# Value Iteration on Grid World

In [1]:
import sys
import os
sys.path.append(os.path.dirname(os.getcwd()))
import numpy as np
from gridworld import GridWorld,plot

In [2]:
def policy_improvement(V,Pi,env):
    """
    Update the policy given a state-value functions
    when multiple actions result in the same action_value, the p will be divided equally
    """
    
    policy_stable = True
    Pi_new = {}
    
    #for all non-terminal states
    for state in env.states:
        if state in env.end_state:
            continue
        #old action
        action = Pi[tuple(state)]
        
        #find new optimal action under current state-value function
        action_values = []
        
        #take all actions and find the largest value
        for a in range(env.action_space.n):
            env.reset(state.copy())
            next_state, reward, done, info = env.step(a)
            next_state_value = V[tuple(next_state)]
            action_values.append(reward+next_state_value)
        best_actions = np.argwhere(action_values == np.amax(action_values)).flatten()

        
        #update policy
        prob = 1/len(best_actions)
        Pi_new[tuple(state)] = [prob if i in best_actions else 0 for i in range(env.action_space.n)]
        
        if not np.array_equal(action,Pi_new[tuple(state)]):
            policy_stable = False

    return policy_stable, Pi_new

def get_max_expected_value(state,Pi,V):
    '''
    determine which action yields the highest expected value and return the value
    '''
    #pi(s)
    action_prob = Pi[tuple(state)]
    
    
    
    max_value = float('-inf')
    for action in range(len(action_prob)):
        
        env.reset(state.copy())
        next_state, reward, done, info = env.step(action)
        max_value = max(max_value,reward + V[tuple(next_state)])
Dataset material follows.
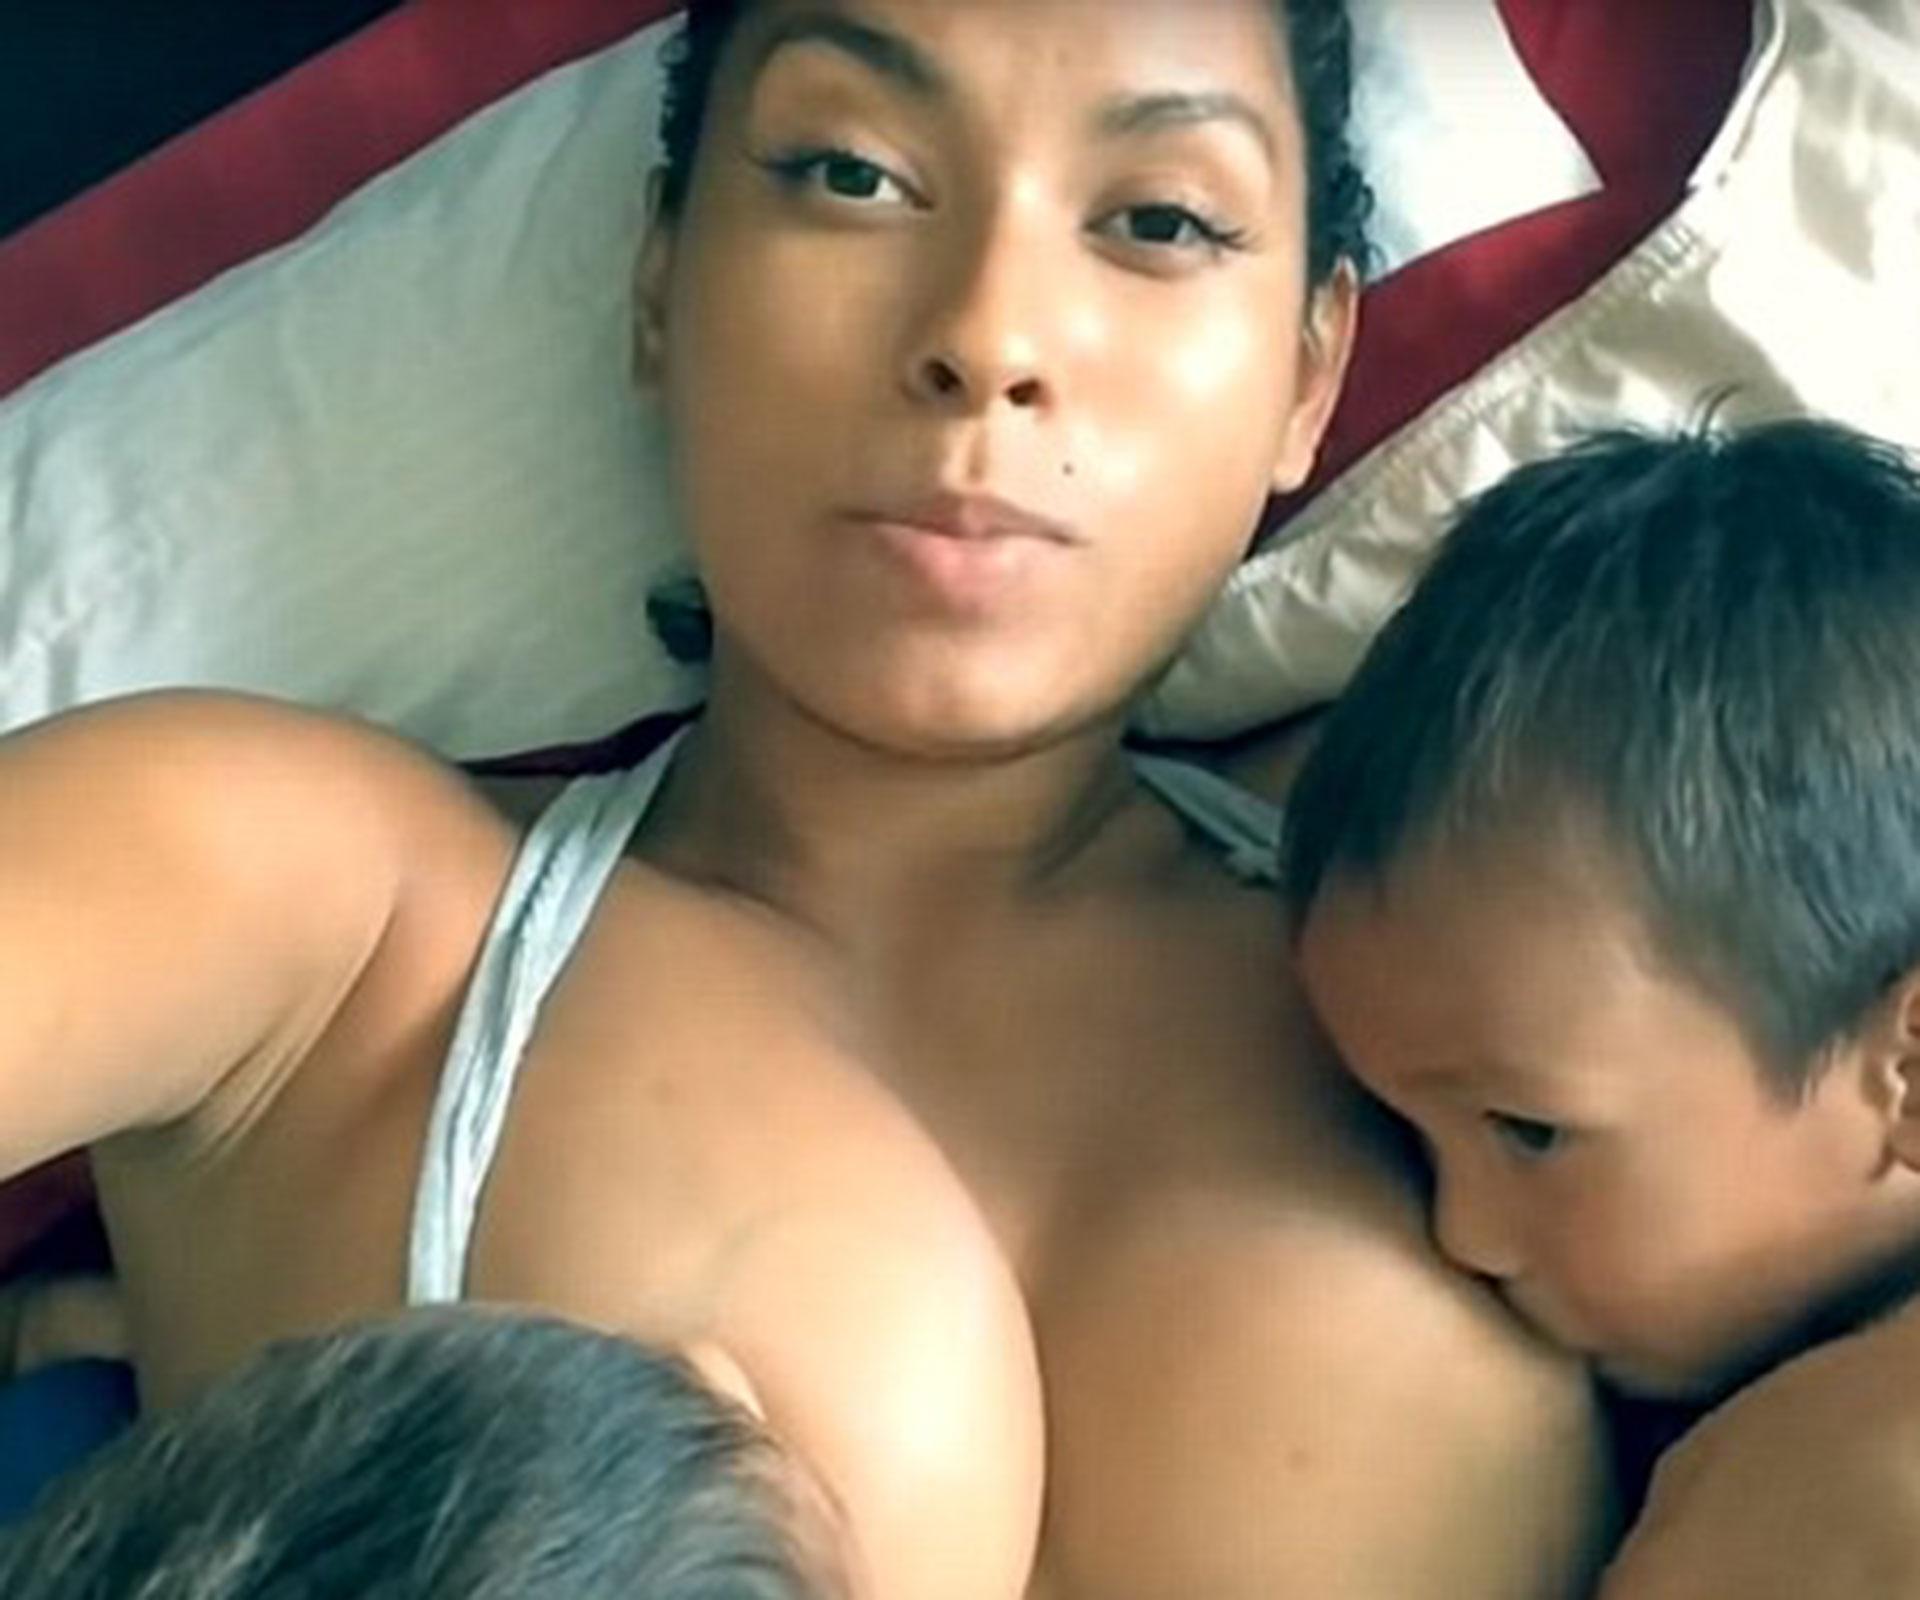 Woman’s breastfeeding videos spark debate about correct age to stop breastfeeding

    return round(max_value,1)

def value_iteration(V,Pi,env,theta = 0.1):

    while True:
        delta = 0
        for state in env.states:
            if state in env.end_state:
                continue
            old_value = V[tuple(state)]
            V[tuple(state)] = get_max_expected_value(state,Pi,V)
            delta = max(delta,abs(old_value-V[tuple(state)]))
        
        if delta < theta:
            break
    
    return V

In [3]:
size = 4
V = dict.fromkeys([(i,j) for i in range(size) for j in range(size)], 0) # values as 0
Pi = dict.fromkeys([(i,j) for i in range(size) for j in range(size) if i+j != 0 and i+j != (size-1)*2], [0.25]*size)# inital actions as UP
env = GridWorld(4)

V_final = value_iteration(V,Pi,env)
Pi_final = policy_improvement(V_final,Pi,env)

In [4]:
V_final = value_iteration(V,Pi,env)
policy_stable,Pi_final = policy_improvement(V_final,Pi,env)

In [5]:
plot(V_final,Pi_final,size)

0	|0	|-1	|-2	|
0	|-1	|-2	|-1	|
-1	|-2	|-1	|0	|
-2	|-1	|0	|0	|
-------------------------------
X	|←	|←	|←↓	|
↑	|↑←	|↑←↓→	|↓	|
↑	|↑←↓→	|↓→	|↓	|
↑→	|→	|→	|X	|